With the Indiana legislature preparing to finalize the state’s biennial budget this month, advocates working to save the riverwalk from further erosion and the resulting damage said receiving $1 million in state funds now toward beach nourishment and a study on long-term solutions is critical.
“Time is not on our side,” said Lorelei Weimer, executive director of Indiana Dunes Tourism, one of several partners that banded together with the National Parks Conservation Association to fight for the funding.
“It’s not one of those things where we’re crying wolf and we don’t need to cry wolf,” she continued. “Nature has its own timeline.”
Waiting for the next budget cycle, said Colin Deverell, Midwest program manager for the conservation association, would push back the short-term solution of bringing dredged sand to the shore of the facility, part of the Indiana Dunes National Park, as well as any long-term solutions for a number of years, especially since the study takes more than two years to complete.
The riverwalk has been losing beach to the Lake Michigan shoreline for several years, resulting in the collapse of a viewing platform and the loss of a handicap accessible ramp to the beach.
Last year alone, the park lost 12 feet of beach because of one big storm, Deverell said, and he and others have said the pavilion at the park, protected by a rapidly shrinking dune, could be its next casualty.
“It may be just one more powerful storm before that dune is breached,” he said.
Of the $1 million funding request, $400,000 would be used for beach nourishment and the rest would go toward a local match for a study of long-term solutions conducted by the U.S. Army Corps of Engineers.

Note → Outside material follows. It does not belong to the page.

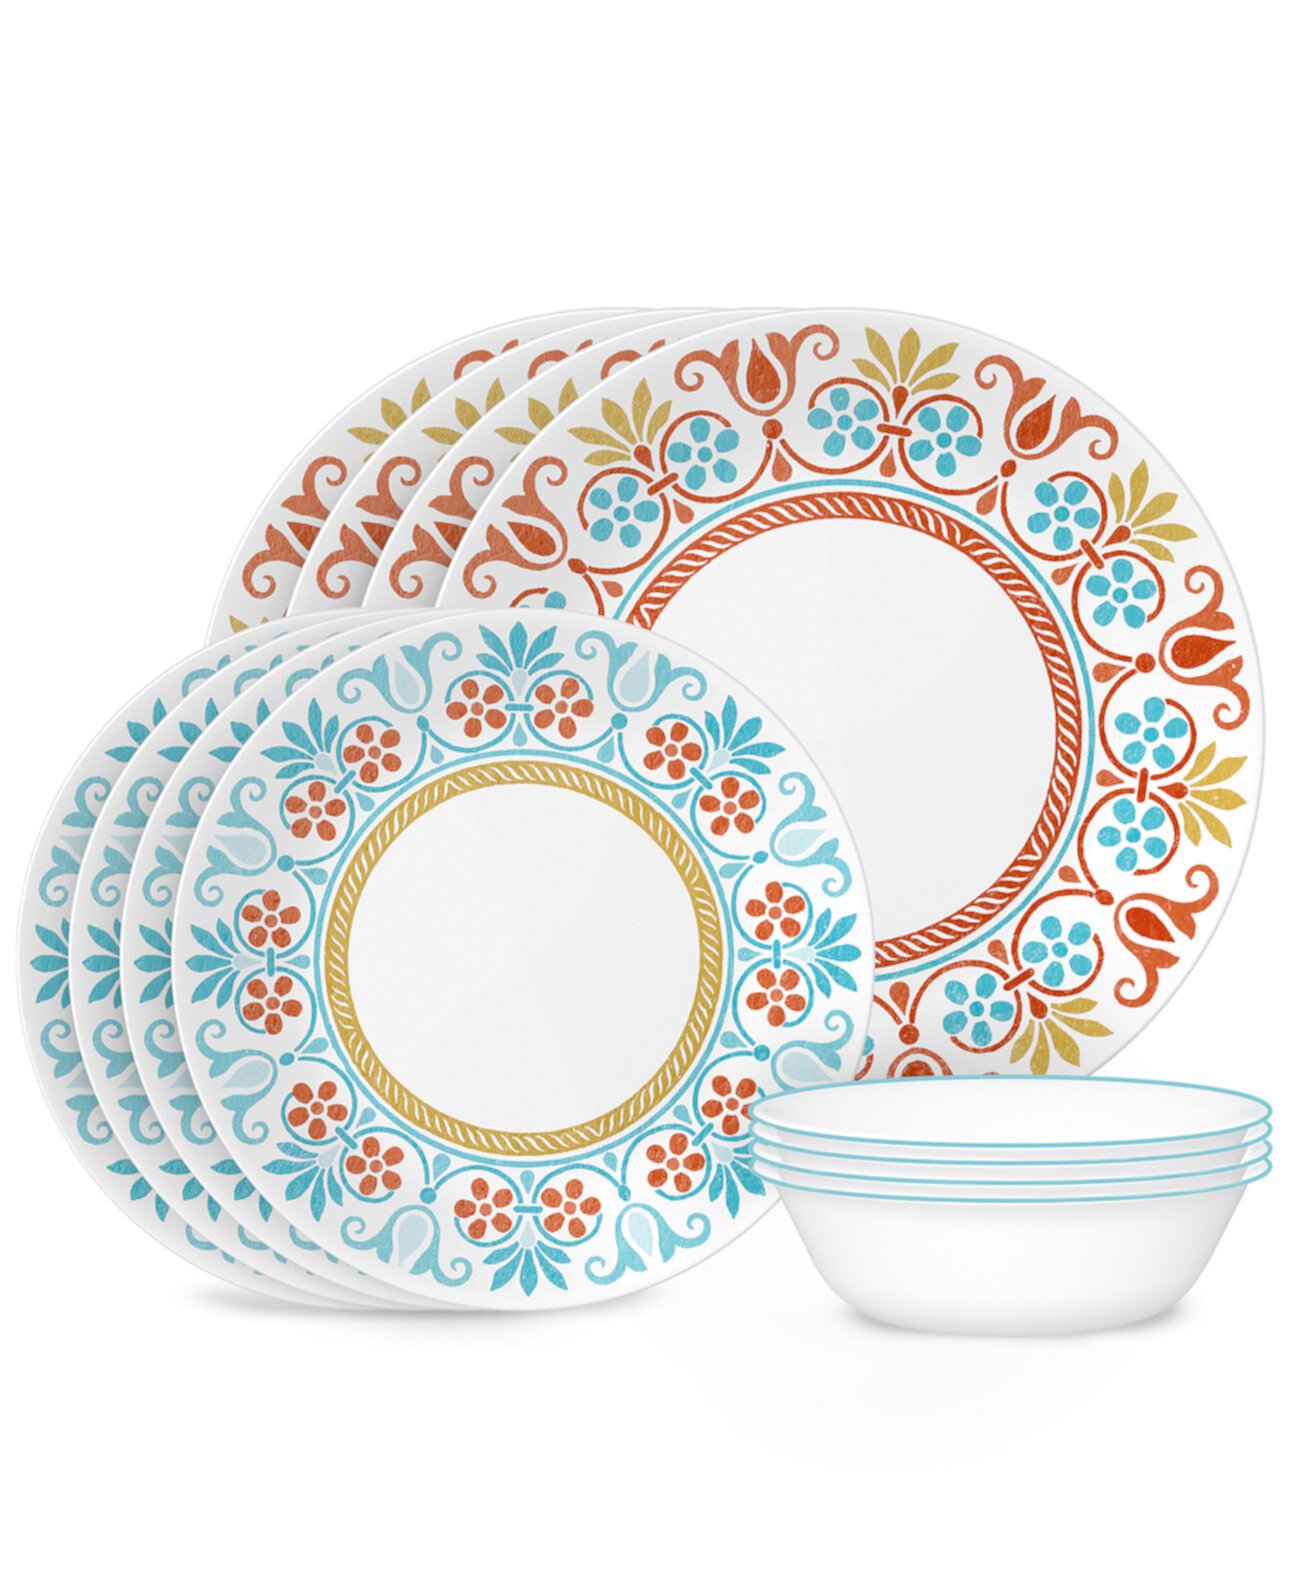 Global Collection, Terracotta Dreams, набор столовой посуды из 12 предметов, сервиз на 4 персоны Corelle

The communities of Portage and Ogden Dunes are already contributing $200,000 and $50,000, respectively, for the local match, Deverell said.
The study, Deverell and Weimer said, is a requirement to receive federal dollars toward any long-term solution to the erosion.
“If we don’t get into that budget, we don’t know what the path forward is to getting that funding,” Weimer said.
The conservation association and others have been working on the issue for more than a decade, Deverell said, and the state legislature is in the position to get long-needed solutions on the table.
He’s optimistic that the legislature will move forward with the funding.
“It is attractive to Republicans and Democrats alike because it is protecting an asset that the state takes great pride in,” he said. “It’s the right thing to do, not just for Indiana Dunes National Park, but the state’s economy. Now that Indiana Dunes is a national park, we all need to be prepared to protect it at a higher level.”
State Sen. Karen Tallian, D-Portage, said the senate budget will be presented Thursday morning.
“I am working hard and cautiously optimistic,” she said.
At stake is what officials have said is a $20 million taxpayer investment into the riverwalk, a partnership between Portage and the National Park Service which opened in 2008.
Additionally, Deverell and Weimer said, the natural resources at the park and the tourism it drives are in jeopardy.
Quality of place is important in terms of economic vitality, Weimer said, and the national park is a benefit not only to the area’s visitors, but also to businesses looking to locate in the area.
In all, 80% of the visitors to the park are from outside the region, and 60% are from outside the state, a figure Weimer expects to increase with the change of the park’s designation from a lakeshore earlier this year.
“We have go to protect this asset,” she said.
Deverell agreed, and said high lake levels and increasingly intense storms only put the riverwalk and surrounding beaches further at risk.
“Every month that goes by, every year that goes by, the beach will continue to erode into the lake,” he said.
Amy Lavalley is a freelance reporter for the Post-Tribune.